О "спокойный и чистый",

нас покинувший Тао Цзинцзе,

Жизнь твоя охватила

гибель Цзинь и восшествие Сун.

 

Глубоко в своем сердце

ты хранил благородную мысль,

О которой устами

людям прямо поведать не мог.

 

Но всегда поминал ты

сыновей государя Гучжу,

Что, одежду очистив,

стали жить на горе Шоуян.

 

Бо и Шу, эти братья,

оказались на свете одни,

И мучительный голод

их поэтому и не страшил.

 

У тебя ж, господин мой,

в доме выросло пять сыновей,

И они разделяли

нищету и несчастья с тобой;

 

И в семье твоей бедной

никогда не хватало еды,

И на теле носил ты

весь в заплатах потертый халат.

 

Ко двору приглашали,

но и там ты служить не хотел.

Вот кого мы по праву

настоящим зовем мудрецом!

 

Я на свет появился,

государь мой, намного поздней:

Пролегли между нами

пять столетий, пять долгих веков,

 

Но когда я читаю

"Жизнь под сенью пяти твоих ив",

Я живым тебя вижу

и почтительно внемлю тебе.

 

Как-то в прежнее время,

воспевая заветы твои,

"В подражание Тао"

сочинил я шестнадцать стихов.

 

Наконец я сегодня

навещаю жилище твое,

И мне кажется, будто

и сейчас ты находишься в нем...

 

Не за то ты мне дорог,

что любил, когда в чаше вино,

Не за то ты мне дорог,

что на цине бесструнном играл.

 

То всего мне дороже,

что, корыстную славу презрев,

Ты на старости умер

среди этих холмов и садов!

 

А Чайсан, как и прежде,

с деревенькой старинной, глухой.

А Лили, как и раньше,

под горою, у той же реки.

 

Я уже не увидел

под оградой твоих хризантем,

Но еще задержался

в деревнях расстилавшийся дым.

 

О сынах и о внуках

мир хотя не узнал ничего,

Но доныне потомки

с мест, обжитых тобой, не ушли;

 

И когда я встречаю

с добрым именем Тао людей,

Снова каждая встреча

расставаньем пугает меня!

 

 

Примечания

Лушань, Чайсан, Лили - места в нынешней Цзянси, связанные с рождением и жизнью Тао Юаньмина.

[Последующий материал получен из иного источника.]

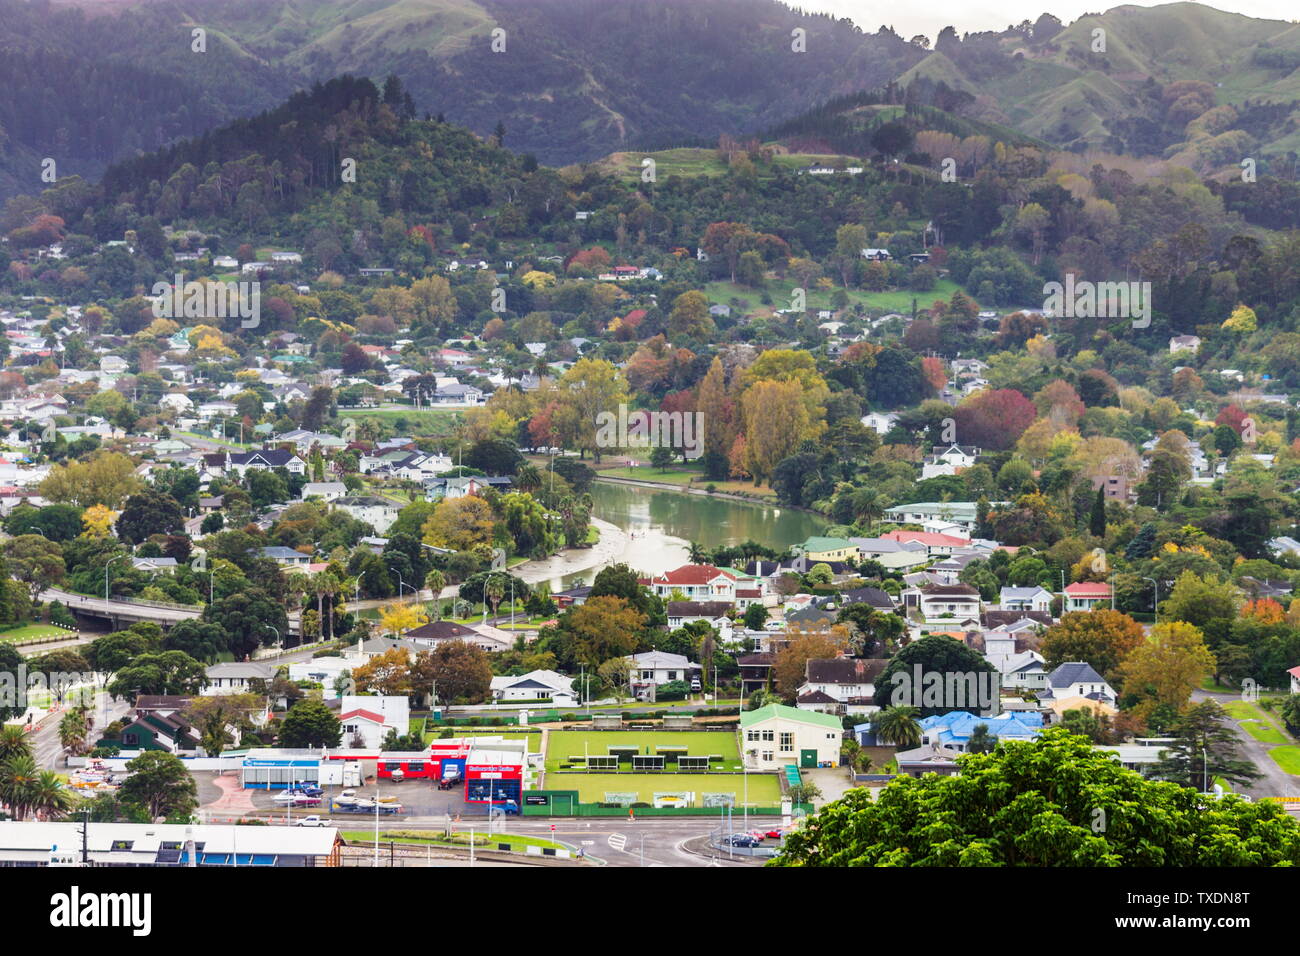 Gisborne, New Zealand - April 24th, 2017: Gisborne is a city on the east coast of New Zealand’s North Island. Stock Photo

Цзинцзе - "спокойный и чистый" - посмертное имя Тао Юаньмина.

...гибель Цзинь и восшествие Сун... - время правления династии Восточная Цзинь - 317-420, династии Сун - 420-479 гг.

...ты хранил благородную мысль... - Бо Цзюйи, по-видимому, считает, что Тао Юаньмин, пережив династию Цзинь, не захотел служить узурпировавшему трон основателю династии Сун - полководцу Лю Юю. "Благородная мысль" Тао была шире: он не хотел служить и "своей" династии.

...сыновей государя Гучжу... - Бои и Шуци - сыновья государя Гучжу (XII в. до н. э.) - не захотели служить новой династии Чжоу и ушли на гору Шоуян, где умерли от голода, но не подчинились завоевателям.

Очистить одежду - то же, что отряхнуть прах - уединиться, уйти от суетного мира.

"Жизнь под сенью пяти ив" - сочинение Тао Юаньмина о своей жизни.

...на цине бесструнном играл... - В жизнеописаниях Тао Юаньмина рассказывается, что за вином он всегда играл на цине, лишенном струн.

Я еще не увидел под оградой твоих хризантем,/ / Но еще задержался в деревнях расстилавшийся дым. - в стихах Тао Юаньмина: "Хризантему сорвал под восточной оградой в саду..." и "Темной мягкой завесой расстилается дым деревень".

Написал при расставании о траве на древней равнине ("Повсюду сплошная на древней равнине трава...")

Повсюду сплошная

на древней равнине трава.

Достаточно года,

чтоб ей отцвести и ожить.

 

Степные пожары

дотла не сжигают ее.

Лишь ветер весенний подул -

и рождается вновь.

 

И запах из далей

до старой дороги достиг.

И зелень - под солнцем

приникла к развалинам стен...

 

Опять провожаем

мы знатного юношу в путь.

Травы этой буйством

печаль расставанья полна.

 

Примечания

Проводы знатного юноши в путь, буйство травы - нарочитое заимствование из "Чуских строф", поэзии IV—III вв. до н. э.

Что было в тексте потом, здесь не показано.